A collaborative MLS professional actively:

  • Communicates Proactively—proactively notifies nurse stations when there are changes in policy or procedures. For example, specimen previously not collected in ice now requires ice.
  • Partners in Problem-Solving: Works with nursing units on data-driven projects to reduce contamination rates or improve test utilization.
  • Engages in continuous improvement: Streamlines processes to improve STAT test TAT to help nurses optimize the best outcome for the patient.

By embracing this identity, the MLS becomes the indispensable linchpin of diagnostic stewardship, ensuring the right test is ordered, collected, and interpreted correctly—ultimately modulating a direct, positive impact on patient care.

Unified Standards: A Call for Regulatory Stewardship

The “Laboratory of the Future” needs to operate under a nationally uniform interpretation of CLIA standards. This means leveling off the playing field, so all laboratories are held to the same high standards, regardless of state. Professional organizations need to participate in this stewardship, where labs share best practices, audit tools, and compliance strategies to help each other excel, moving from an inspection mindset to a continuous improvement culture.

Building Our Legacy: Advocacy Starts Early

For our profession to thrive, we must be its loudest advocates. This means that MLS professionals visit local schools to introduce students to the fascinating world of diagnostic medicine during their biology and chemistry courses. This shifts the perception from a “hidden” career to an exciting, STEM-based profession that is critical to modern healthcare.
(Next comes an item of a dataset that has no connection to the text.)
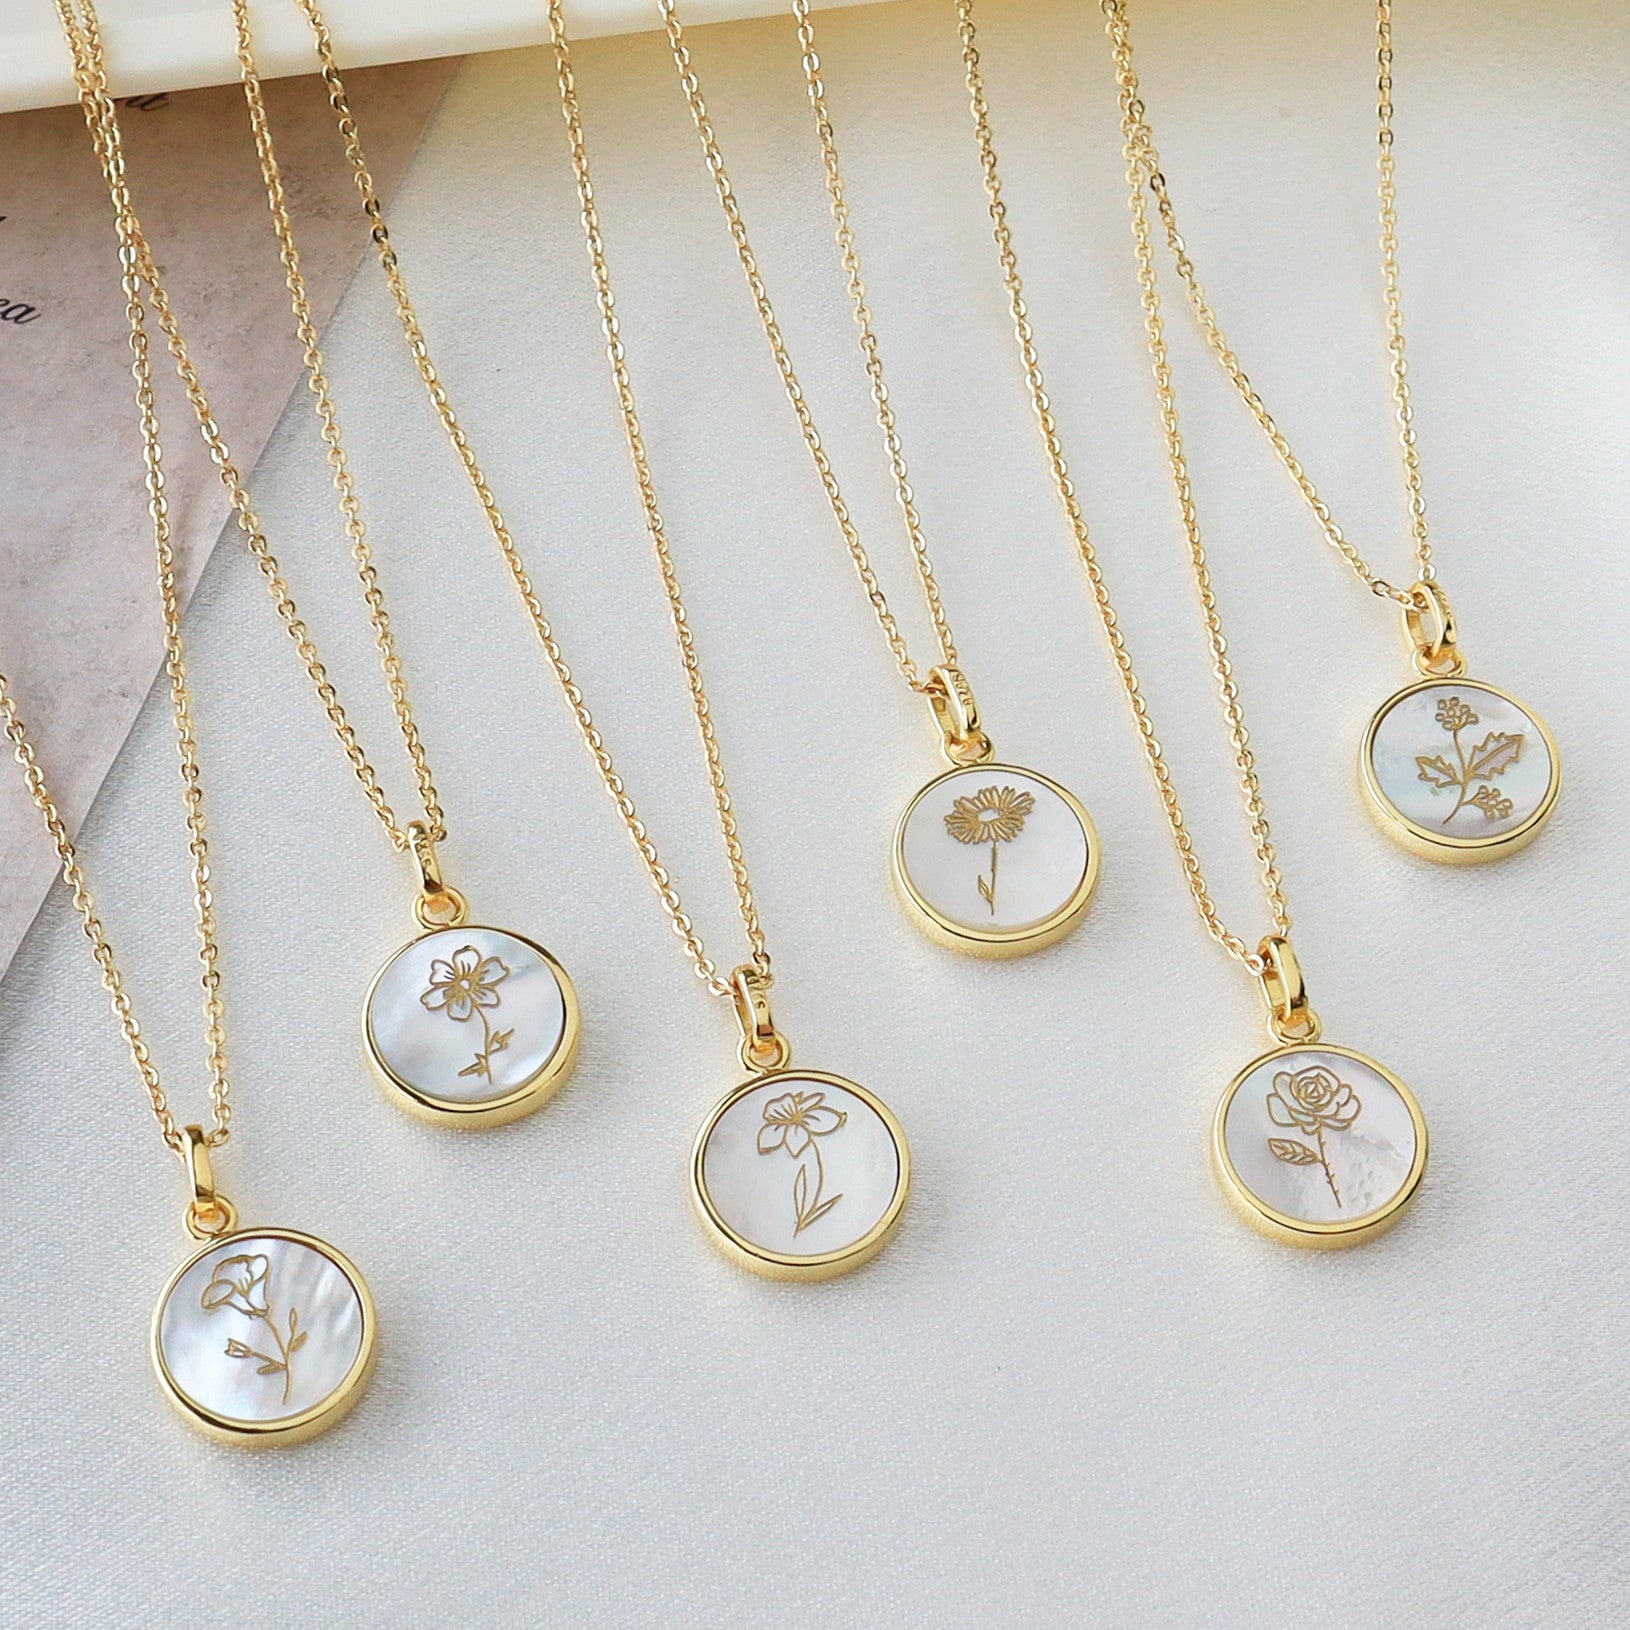 Wholesale Gold Plated Round White Shell Carved Birth Month Flower Pendant Necklace, Natural Shell Jewelry KZ009

Other significant ways we can advocate for our profession are found in an article authored by Angela Tomei-Robinson, MS, MLS(ASCP)CM, and Rodney Rohde, PhD, SM(ASCP)CM, SVCM,MBCM, FACSC.

On March 12, in celebration of Women’s History Month, I was invited to speak on the Women in STEM panel at a local theater with four other panelists from different fields. It was followed by a screening of the film, Hidden Figures. I used the opportunity in the panel discussion to educate the audience on the critical role MLSs play in patient care, how we produce data that drives 70 percent of medical decisions, that we are the brains behind the scenes, which makes us hidden figures of healthcare. I call on all MLSs to take every opportunity to speak at events outside the MLS community to reach the public who need to know what we do.

The “Laboratory of the Future” is within our grasp. It’s a lab powered by intelligent technology, led by empowered professionals, and recognized as an indispensable clinical and financial asset. By advocating for and embracing these necessary changes, we won’t just improve our workdays—we’ll secure the future of our profession for generations to come.

Maria Sue Abiera is Founder and Technical Lab Consultant at Clinical Laboratory Scientist Consulting in Staten Island, New York.